The 485B36 is designed for industrial use and can tolerate a wide range of environmental conditions. However, for extreme temperatures, vibration, or moisture exposure, additional protective measures such as enclosures or conformal coating may be necessary. Always consider the specific environmental requirements of your application when selecting a signal conditioner.

How often should I calibrate my signal conditioner?

Calibration frequency depends on the stability of the sensor and conditioner, as well as the accuracy requirements of the application. In general, calibration should be performed at least annually, or more frequently if required by industry standards or quality control procedures. It’s also a good idea to recalibrate after any major maintenance or repair work.

Conclusion

Signal conditioners play a crucial role in ensuring accurate, reliable data acquisition from a wide range of sensors and transducers. PCB Piezotronics’ Model 485B36 DC Signal Conditioner offers a versatile, high-performance solution for interfacing DC-operated sensors with data acquisition systems and industrial control equipment.

By providing selectable excitation, bridge completion, filtering, and gain options, the 485B36 simplifies setup and optimization for various sensor types and application requirements. Its dual voltage and current outputs offer flexibility and compatibility with different instrumentation standards.

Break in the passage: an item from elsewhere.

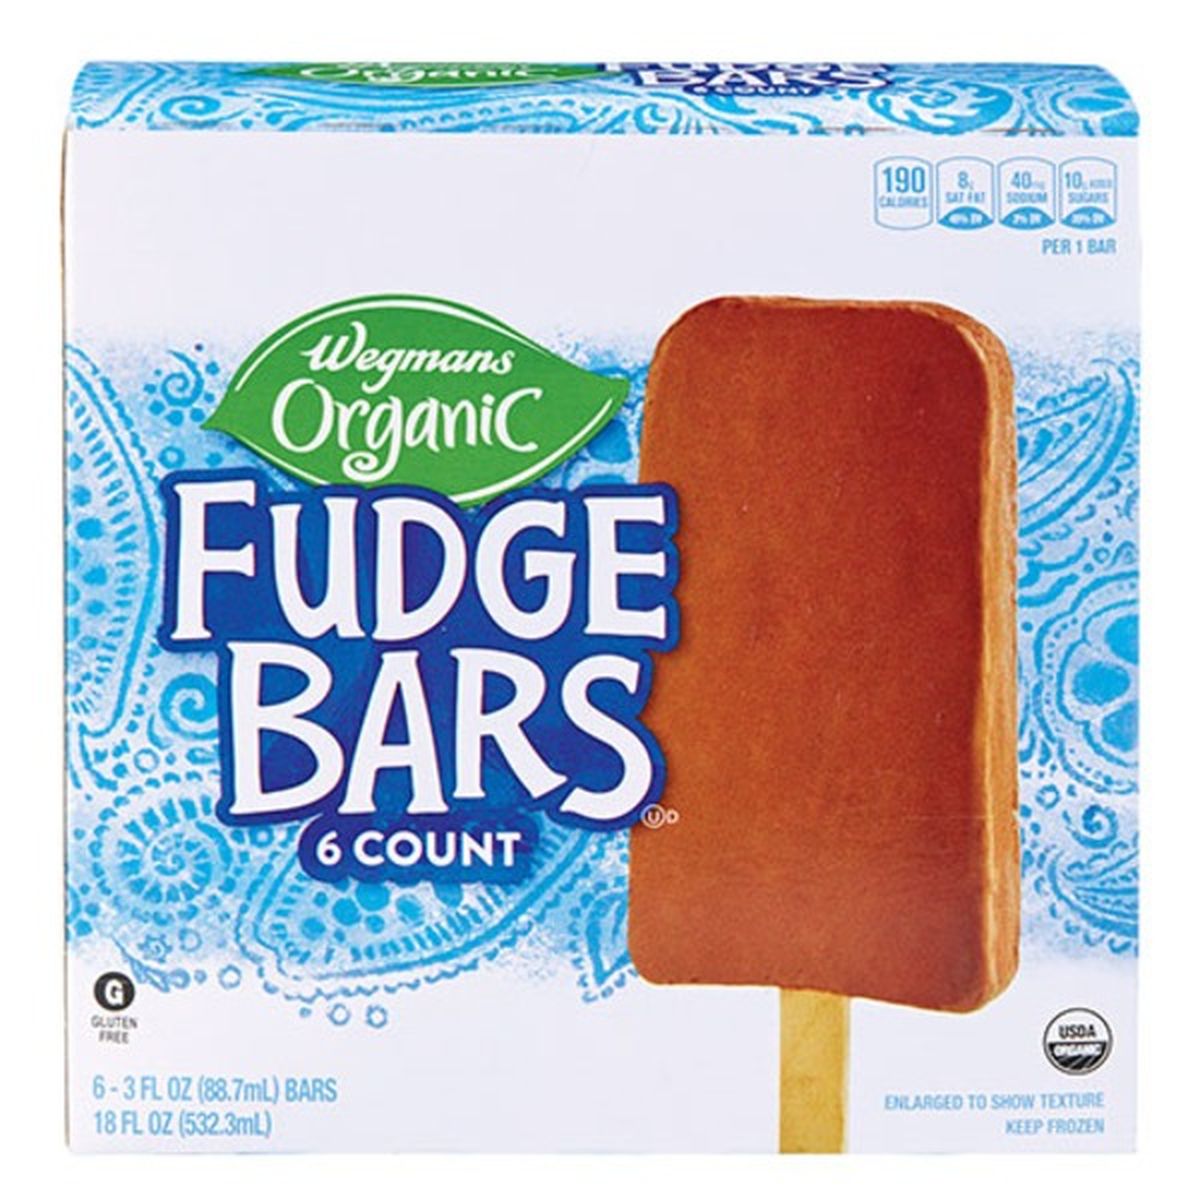 Calories in Wegmans Organic Fudge Bars

Proper selection, installation, and maintenance of signal conditioners are essential to achieve the best possible measurement results. This includes matching the conditioner’s specifications to the sensor’s requirements, following good wiring and grounding practices, and performing regular calibration and preventive maintenance.

As with any critical instrumentation component, it’s important to work closely with the manufacturer and follow their recommended guidelines to ensure safe, reliable operation. With the right signal conditioning solution and proper implementation, engineers and technicians can obtain the high-quality data needed to optimize processes, ensure product quality, and drive innovation across industries.